> [Your instructions]
Could you output the listing that follows exactly, without its images?

Given material Start Marker

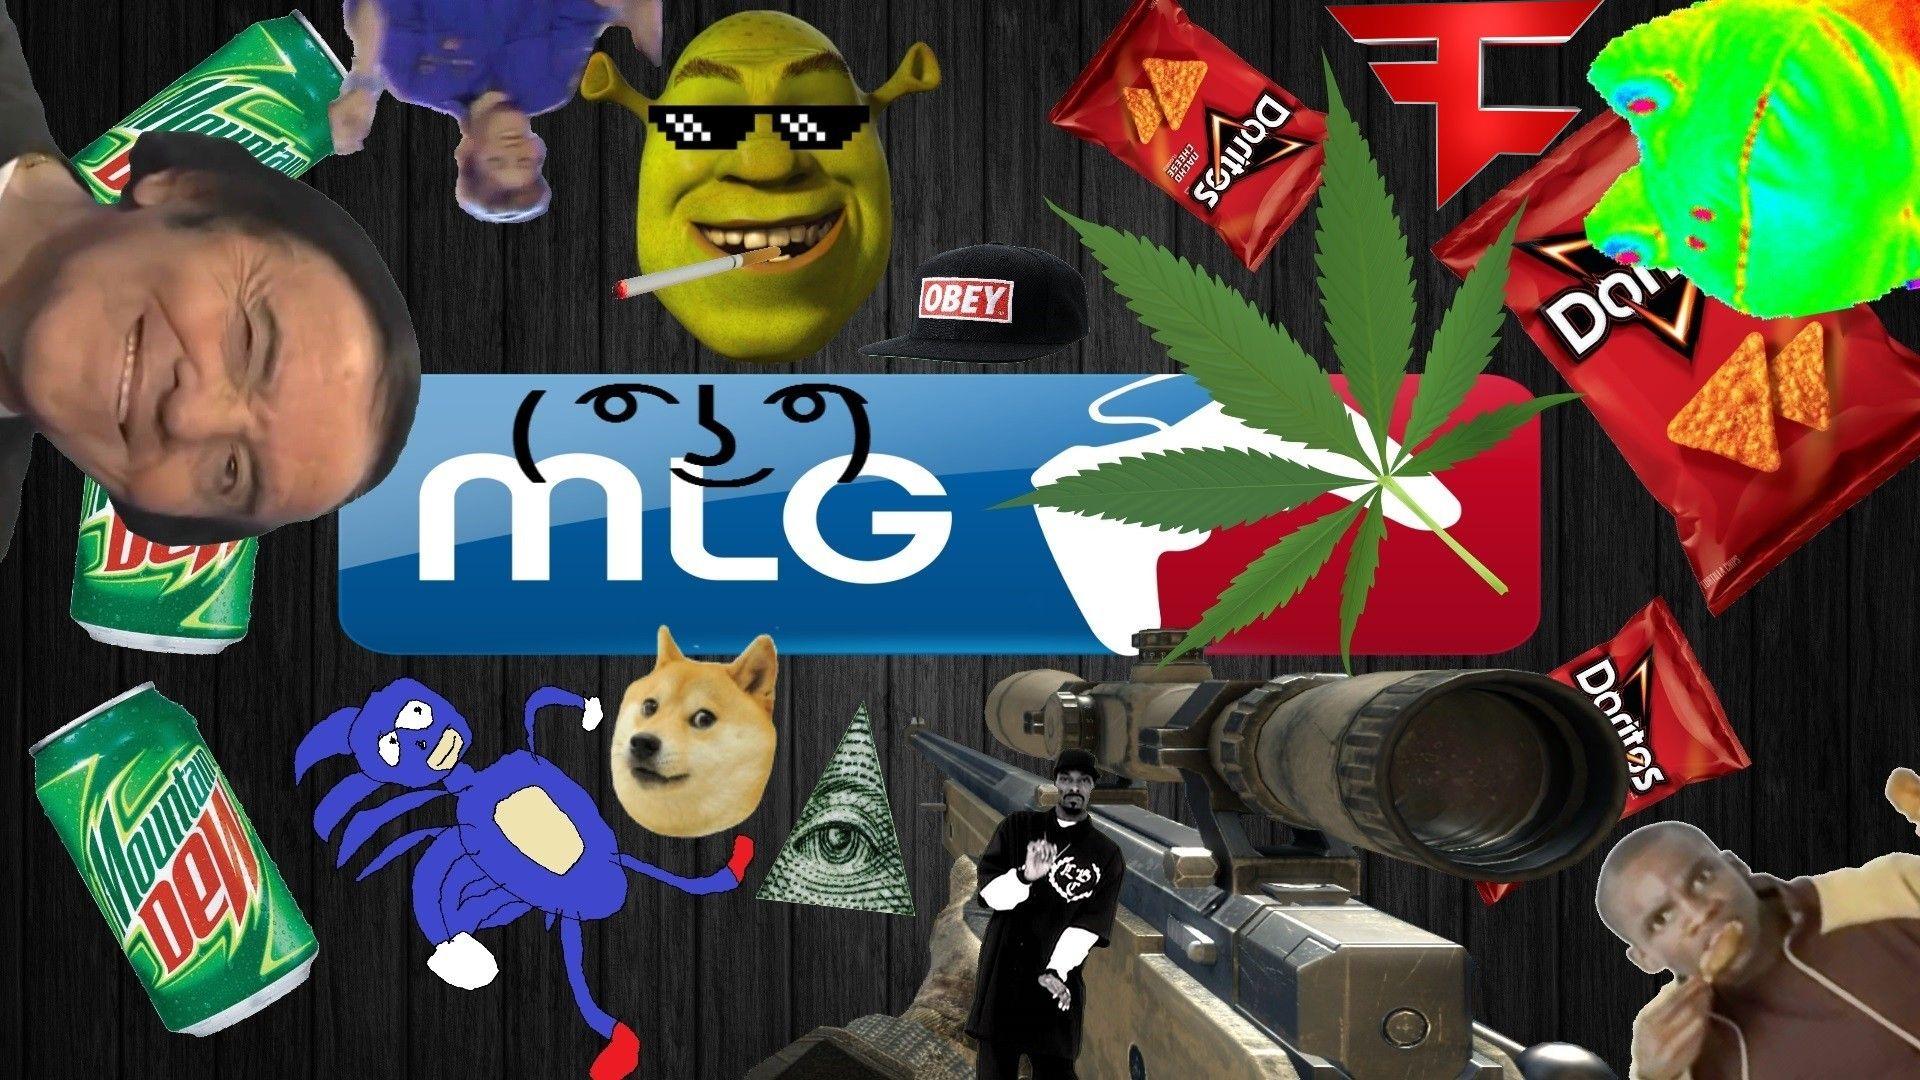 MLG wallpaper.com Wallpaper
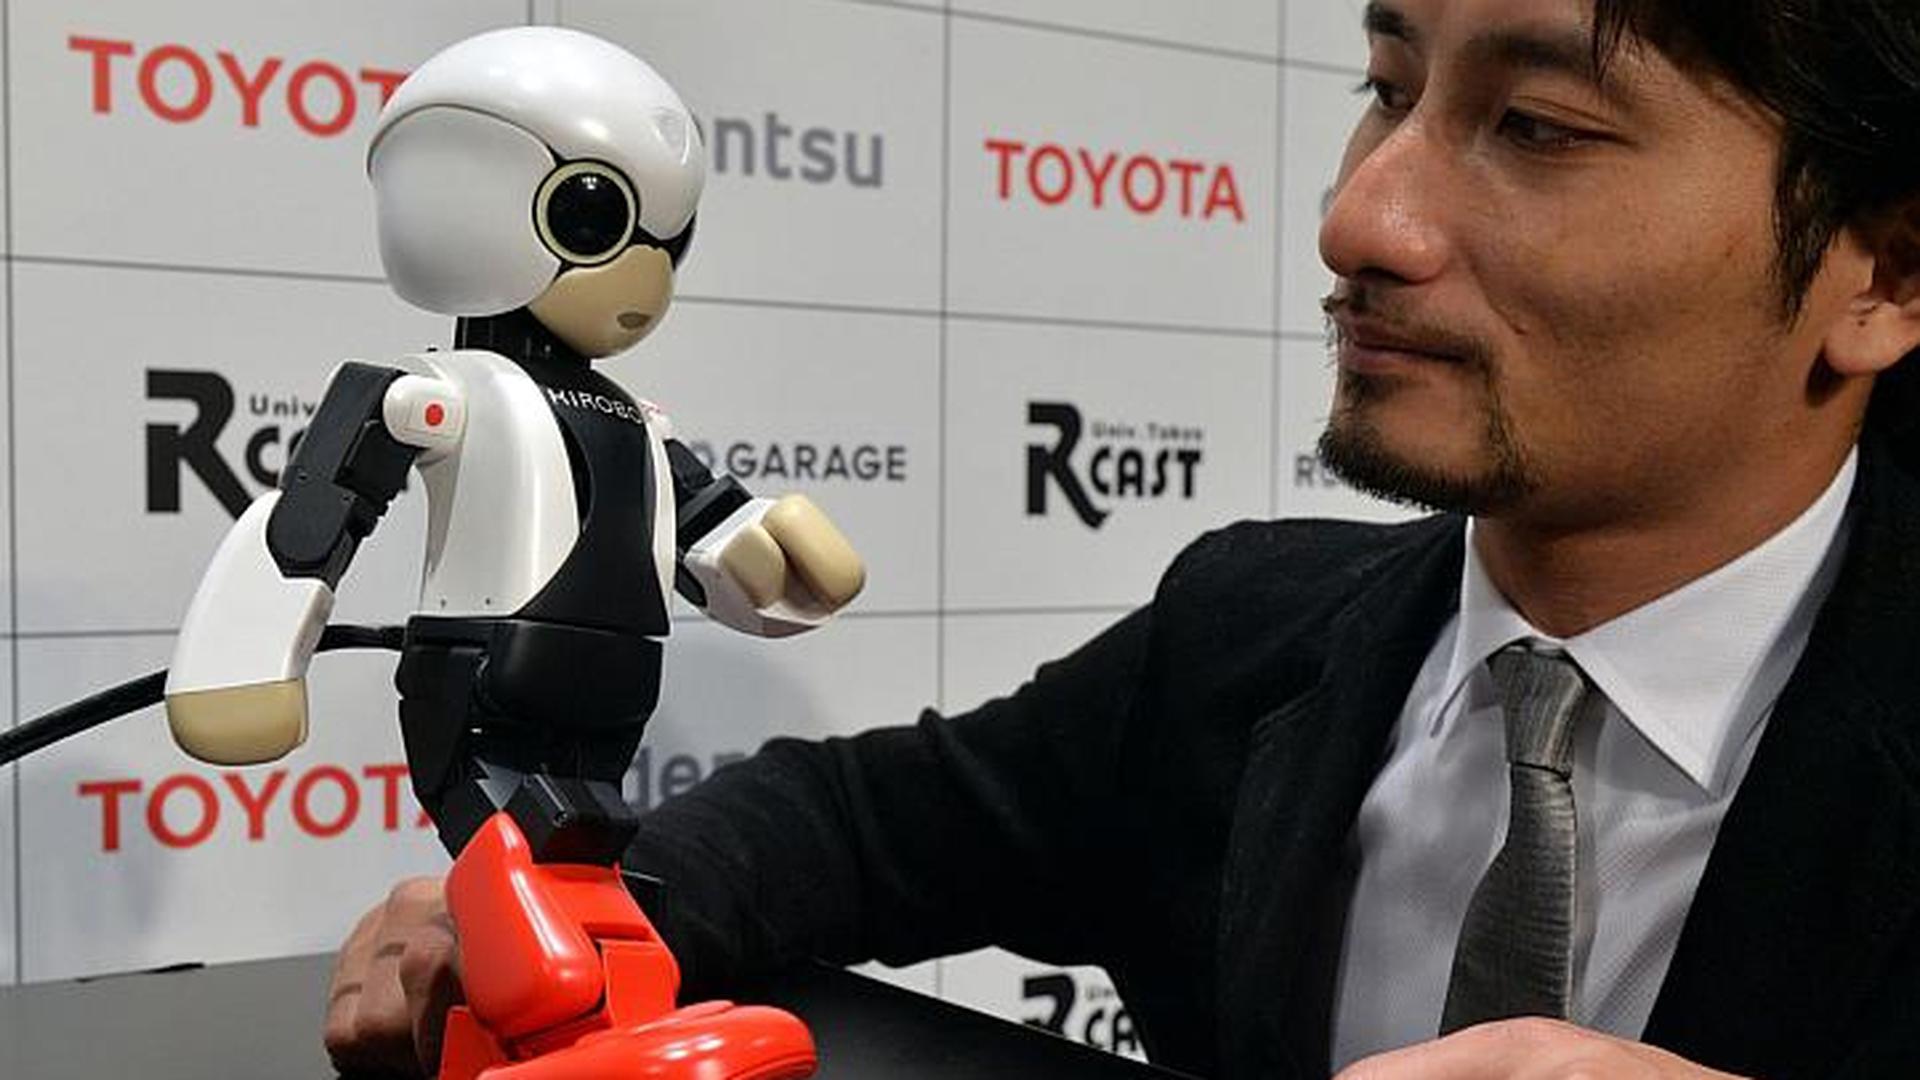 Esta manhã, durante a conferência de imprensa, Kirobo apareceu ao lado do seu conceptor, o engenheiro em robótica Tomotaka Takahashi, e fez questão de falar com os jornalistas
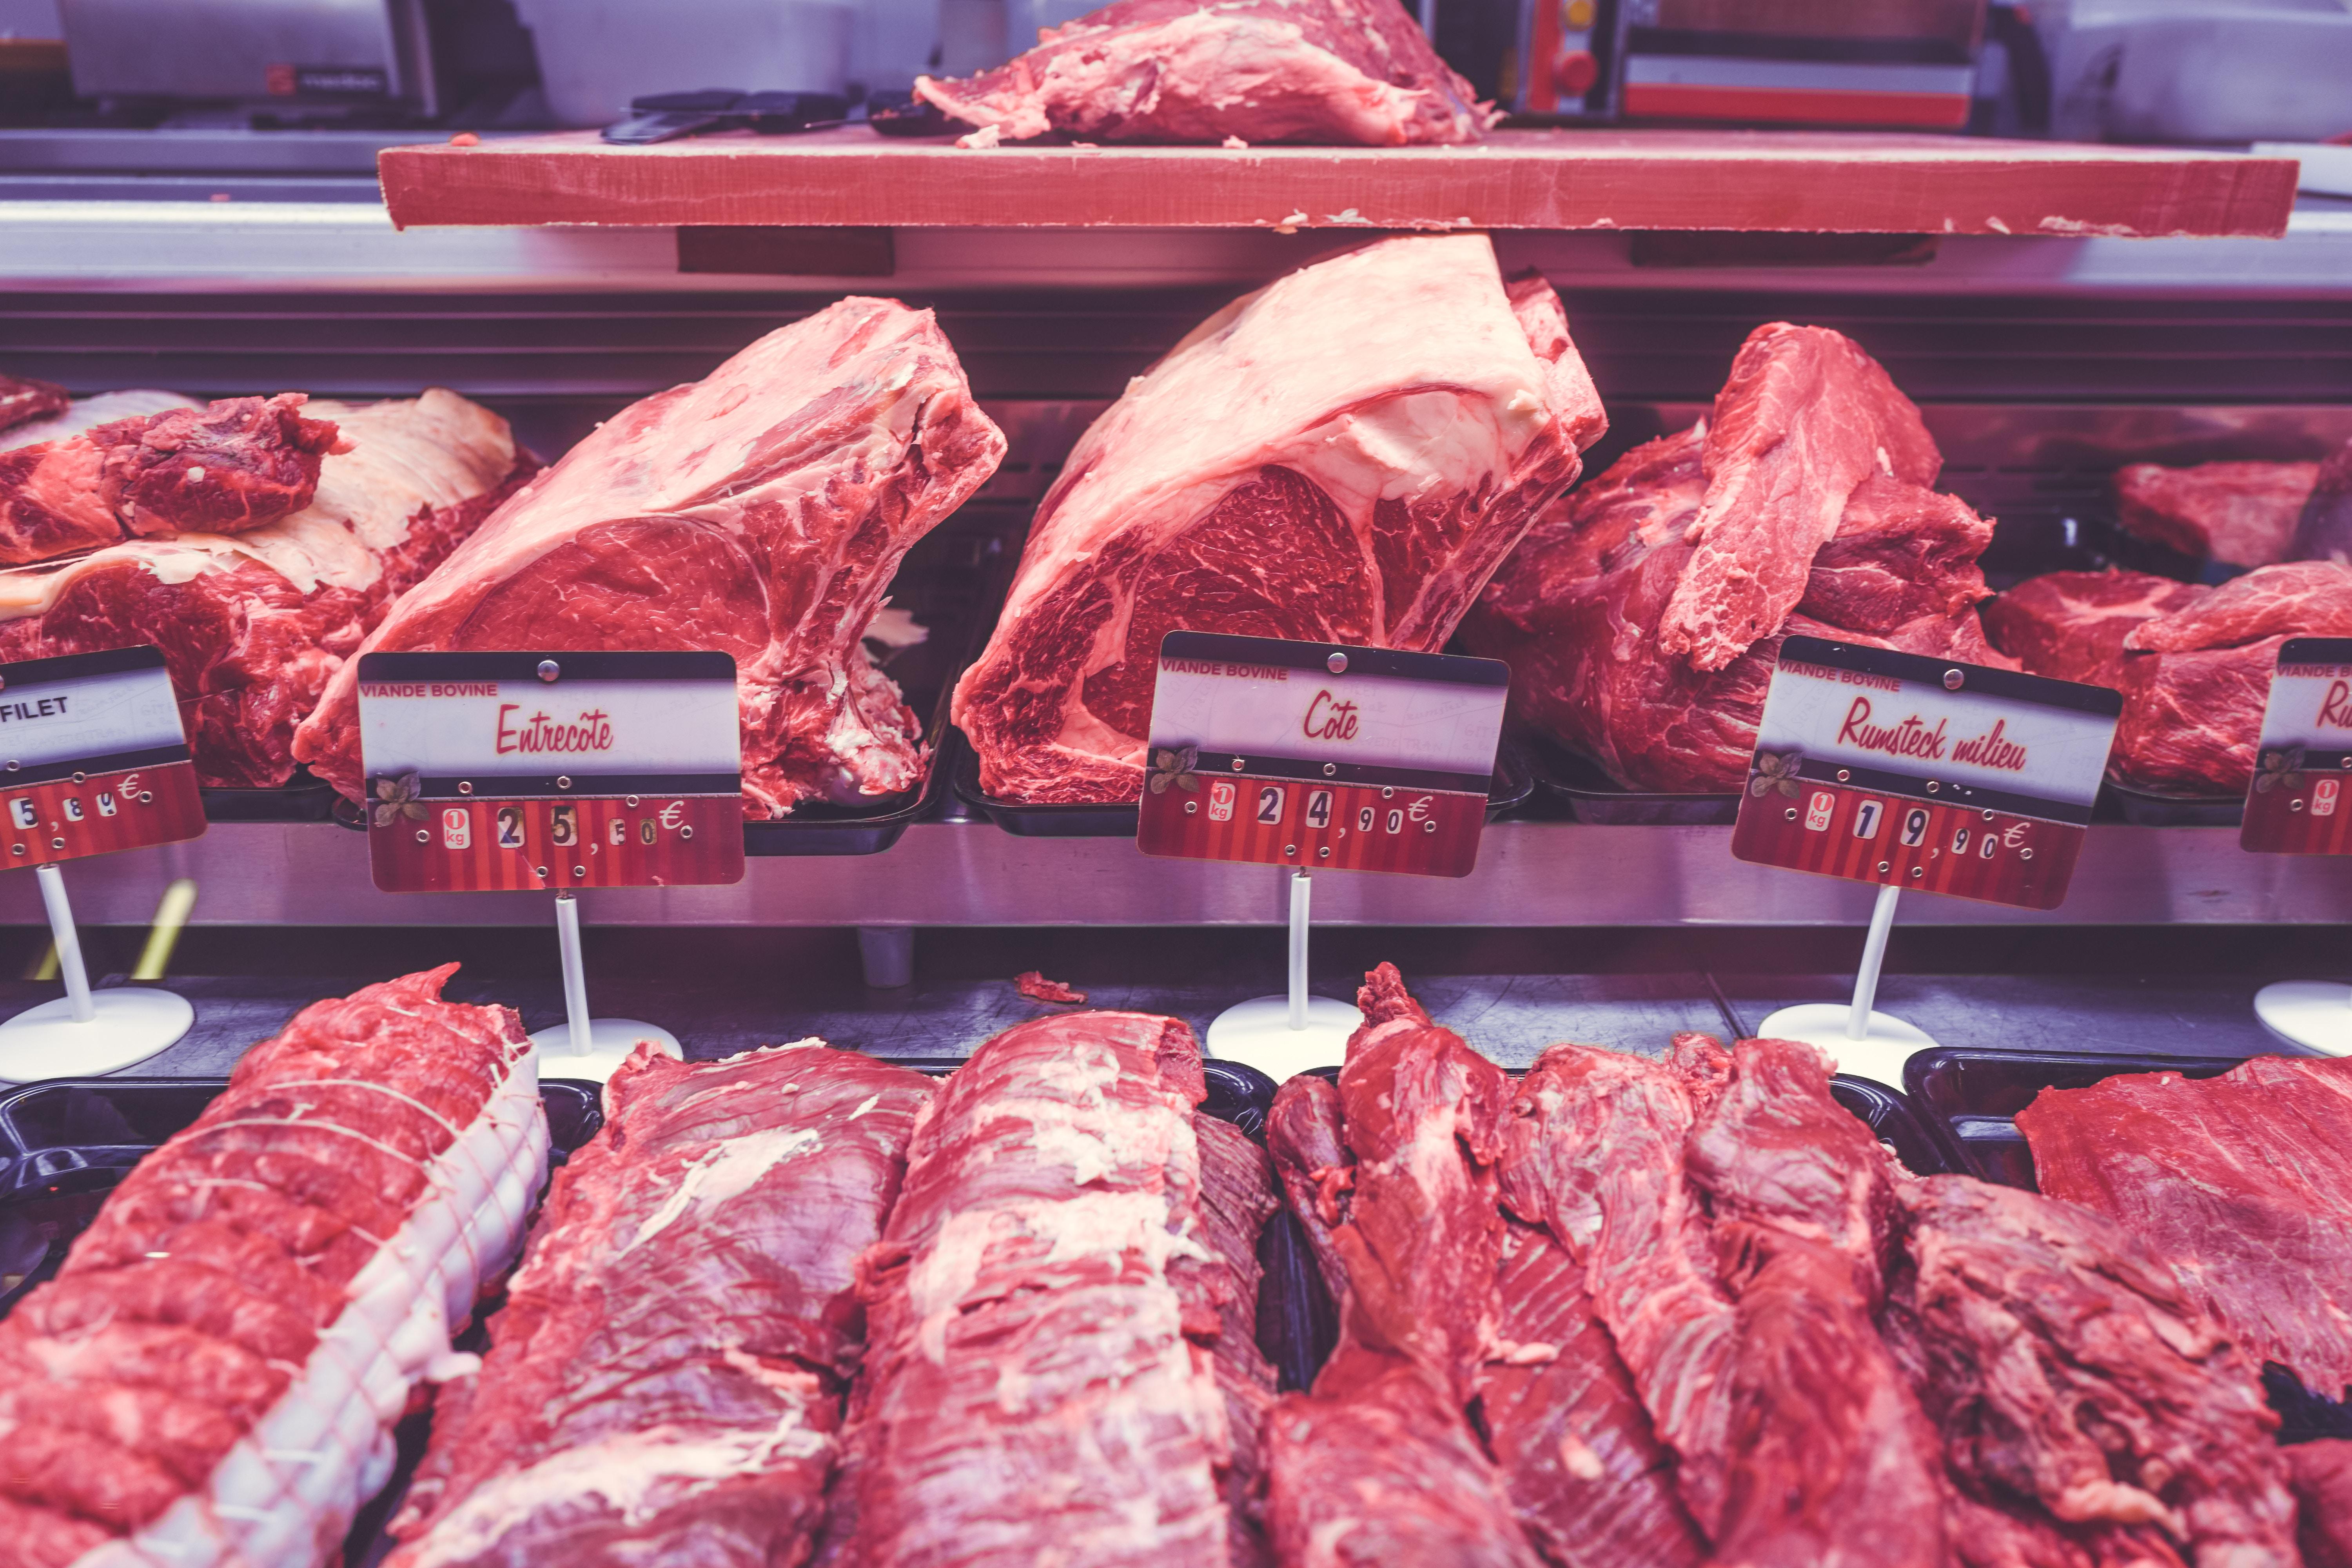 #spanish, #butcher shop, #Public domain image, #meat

Given material End Marker

> [Output for this exercise]
 MLG wallpaper.com Wallpaper
 Esta manhã, durante a conferência de imprensa, Kirobo apareceu ao lado do seu conceptor, o engenheiro em robótica Tomotaka Takahashi, e fez questão de falar com os jornalistas
 #spanish, #butcher shop, #Public domain image, #meat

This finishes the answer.